Feeling someone’s eyes on our body can be exhilarating, even when the attraction is not mutual. Feeling desired is an aphrodisiac. For some women, it represents power or a form of gratification, and some use it for material gain (through sex work or by dating a man who can support them) or to boost their self-esteem. There are men who envy this sexual power. They argue that it counterbalances all the other privileges men benefit from. “Women can’t complain about being underpaid or underrepresented in Parliament because they have something we don’t: sex appeal!” This is clearly untrue and manipulative. Nonetheless, there are women who use men’s desire to their advantage.

We can concede the injustice; men do not have access to this power.

Forbidding women to view the male body as an instrument of pleasure not only limits their sex drive, but also penalizes men, who are denied the heady pleasure of being desired by strangers who simply find them sexy.

Similarly, sex segregation denies men the pleasures of dressing up, admiring themselves in the mirror, and feeling eyes glued to their bodies. When men are confined to the role of hunter, they lose out on the joy of giving themselves up to the pursuit, of being dominated by a sexual partner who “knows what she wants.” They are denied the pleasures of autophilia.

GROOMING TEENAGERS

We have seen how the objectification of women parallels the subjectification of men, and how patriarchal societies maintain these mechanisms. I would be remiss if I didn’t mention another cog in the wheel, one we almost never bring up: the way we groom young girls who develop an attraction to boys once puberty hits.

In early adolescence, girls naturally begin to sexualize boys.
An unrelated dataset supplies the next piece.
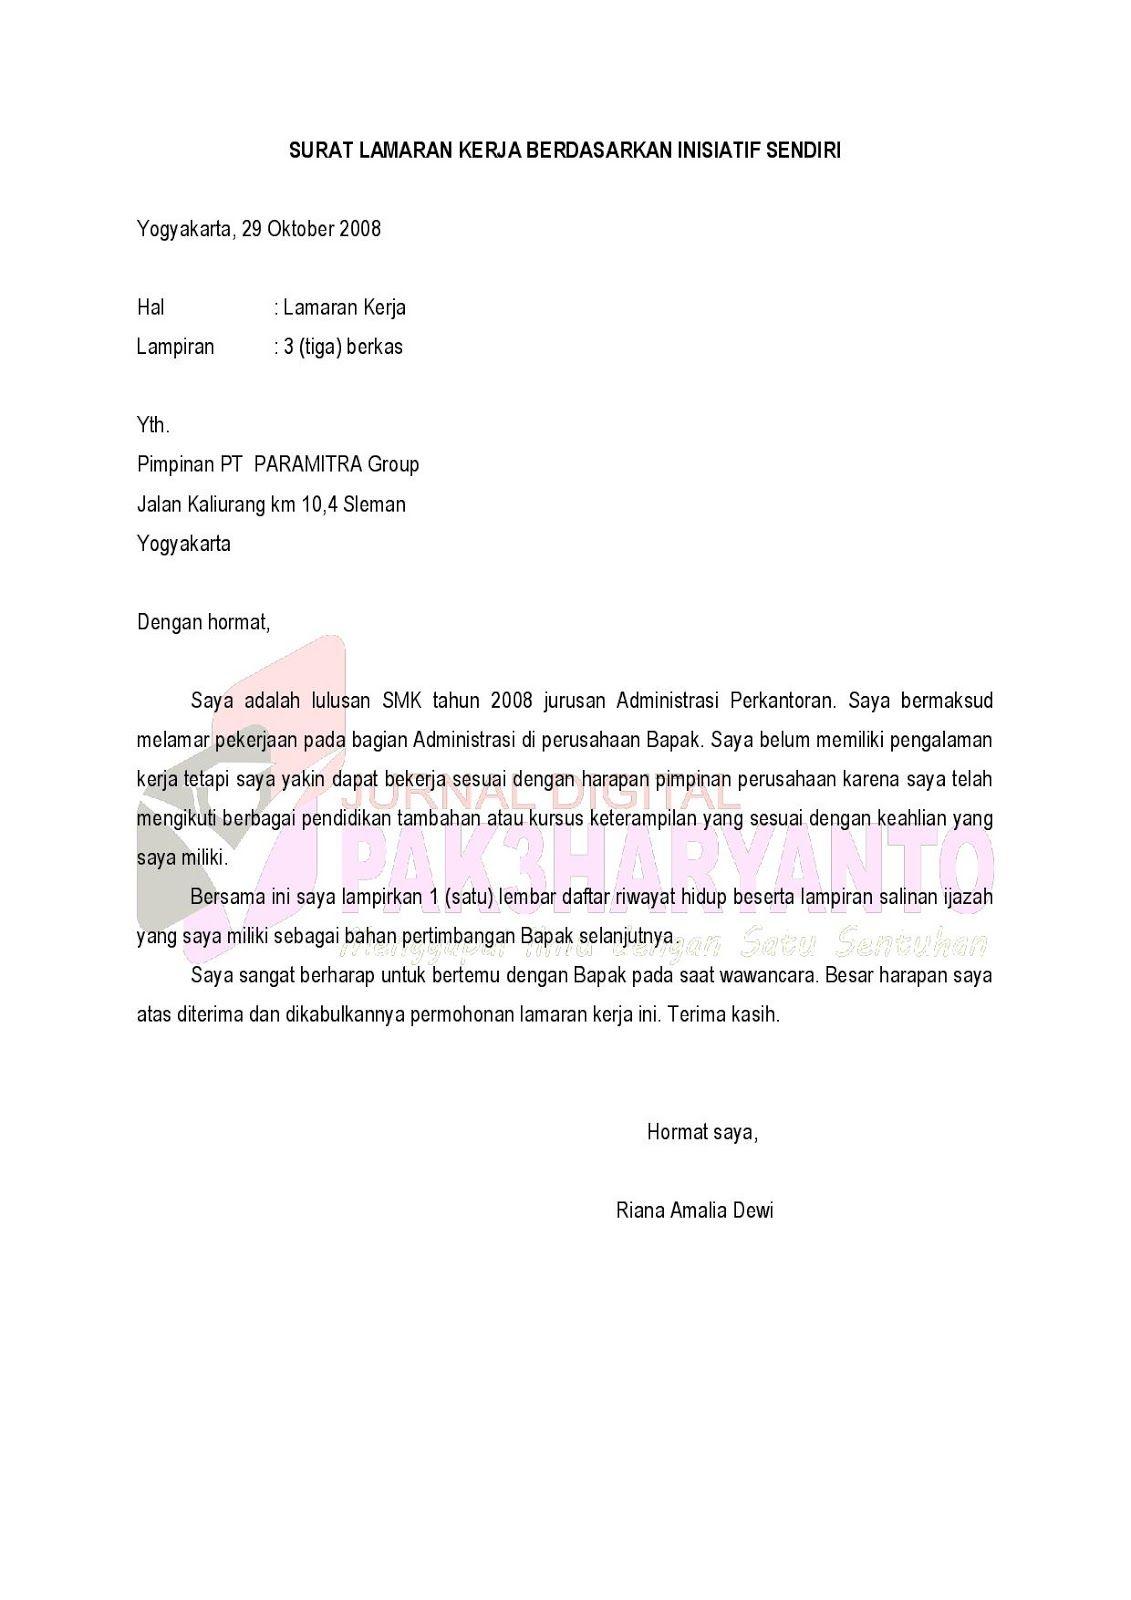 Surat Lamaran Kerja Atas Inisiatif Sendiri Ben Jobs Contoh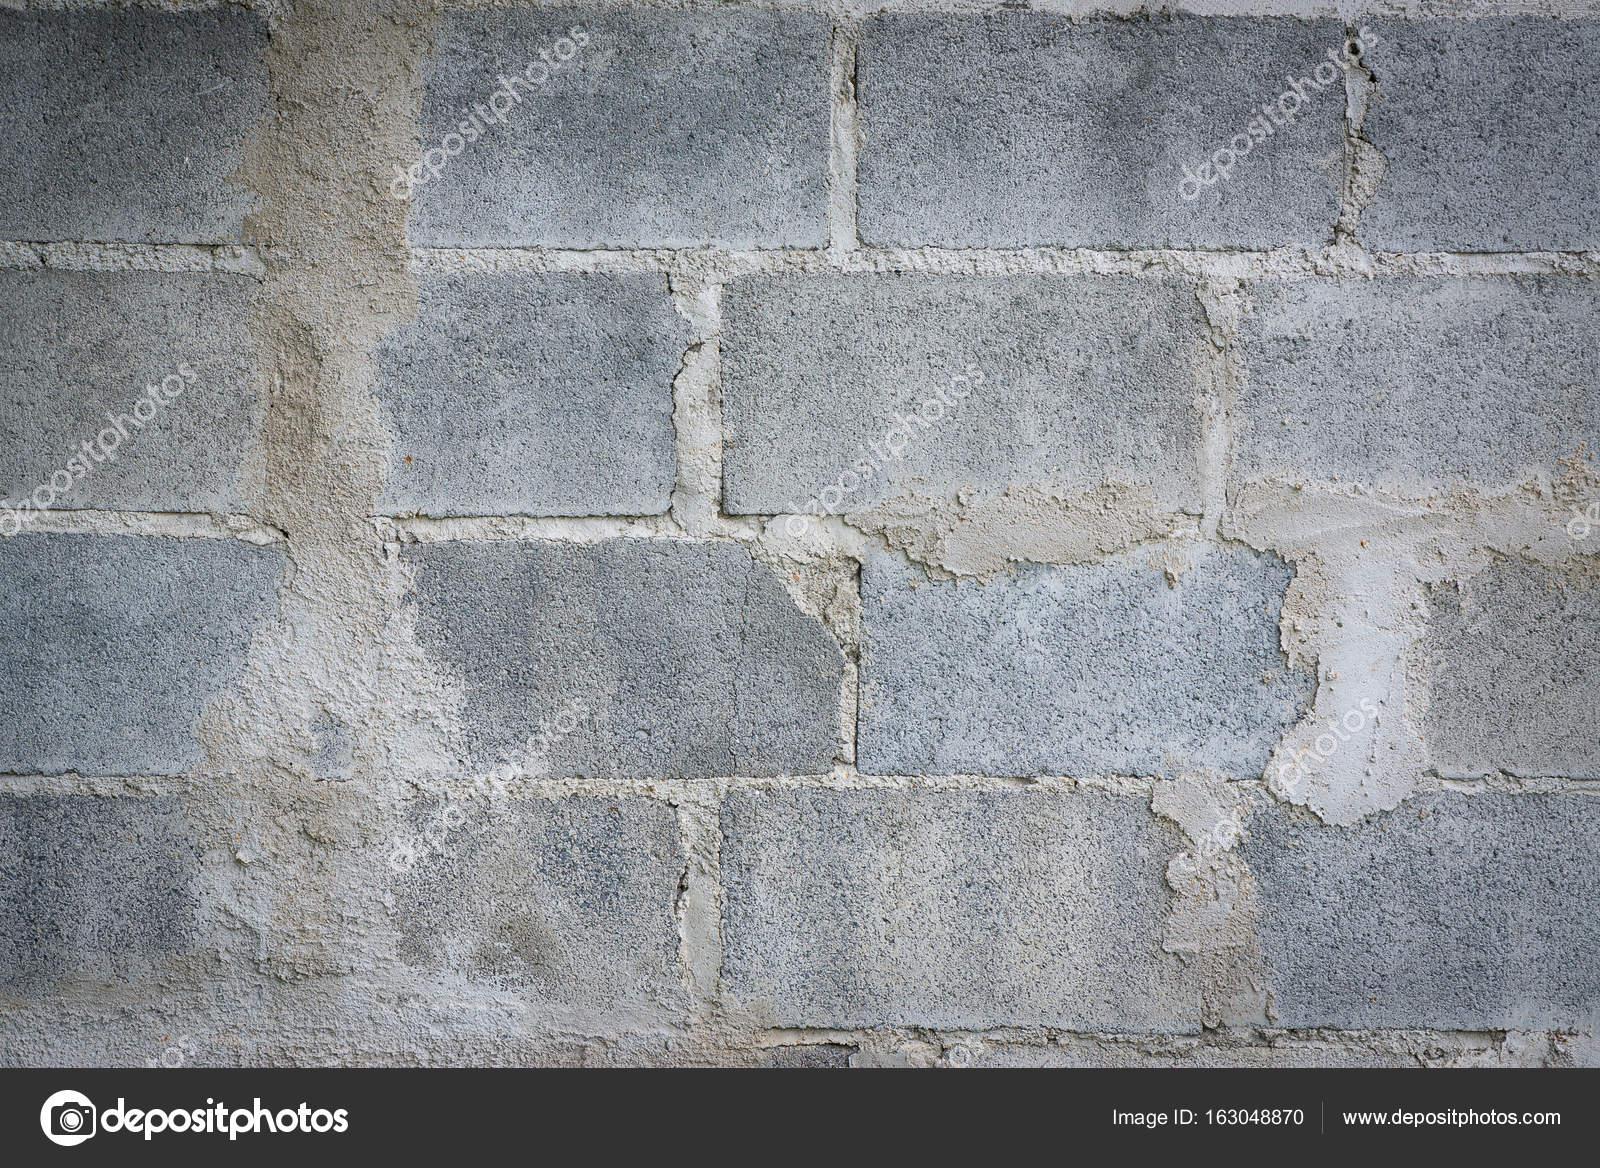 Stenen Muur Verven : Oude verf peeling baksteen muur grunge en vuil achtergrond

Yet society actively encourages them to censure their attraction by mocking their behaviour.

Adults deliberately humiliate teen girls who are too “boy crazy.” When I was younger, I remember the adults around me sighing with exasperation as I drooled over videos of the Backstreet Boys dripping with rain, shirts unbuttoned.… “The Backstreet Boys are all gay,” one of them said to me at some point, clearly hoping to discourage my infatuation with these heartthrobs.

Generation after generation, some things never change. One Direction, Justin Bieber, Elvis Presley, NSYNC: girls go wild, and adults roll their eyes.

More than just ridiculing this behaviour, adults and media outlets continue to disparage young men who break into the pop scene using their sex appeal. The furious anti-Bieber movement of the early 2010s was completely irrational. Why did adults so aggressively despise a musical talent that was not in any way aimed at them? Why was there so much contempt for the young singer? Were adults really so proud that their musical tastes differ from those of a fourteen-year-old girl?

The teen girl craze for boy band members is the closest we come to objectifying men. These boys are fodder for fantasy — they are meant to excite in the same way that women in porn feed boys’ sexual urges. But while the latter seems normal, we are appalled when girls lust after the former. It proves a threat to the established order: teenage girls are meant to be desired, not feel desire themselves.

The situation is all the more disturbing given that girls develop a sex drive at an age when society expects them to accept their role of object. After all, patriarchy needs women to learn how to prioritize men’s sexual urges while they are still young, malleable girls.

Instead of exhibiting their feverish desire for the members of One Direction, girls are forced to keep their sexuality in check to maintain the fantasy of transgression, to focus on developing a beauty ritual that stimulates men’s libido without expecting anything in return.

We ridicule cultural products that specifically target teenage girls’ sex drives, and we humiliate these girls in an attempt to stifle their popstar crushes. We shame them until they fall in line.

Teens have active sex drives, and the entertainment industry knows it: they make a fortune marketing boy bands and other male stars to teenage girls. But the rest of society considers it preposterous that these girls should be crazed with desire. How immature can we be?

These practices remain an effective way to keep the cumshot principle alive and well.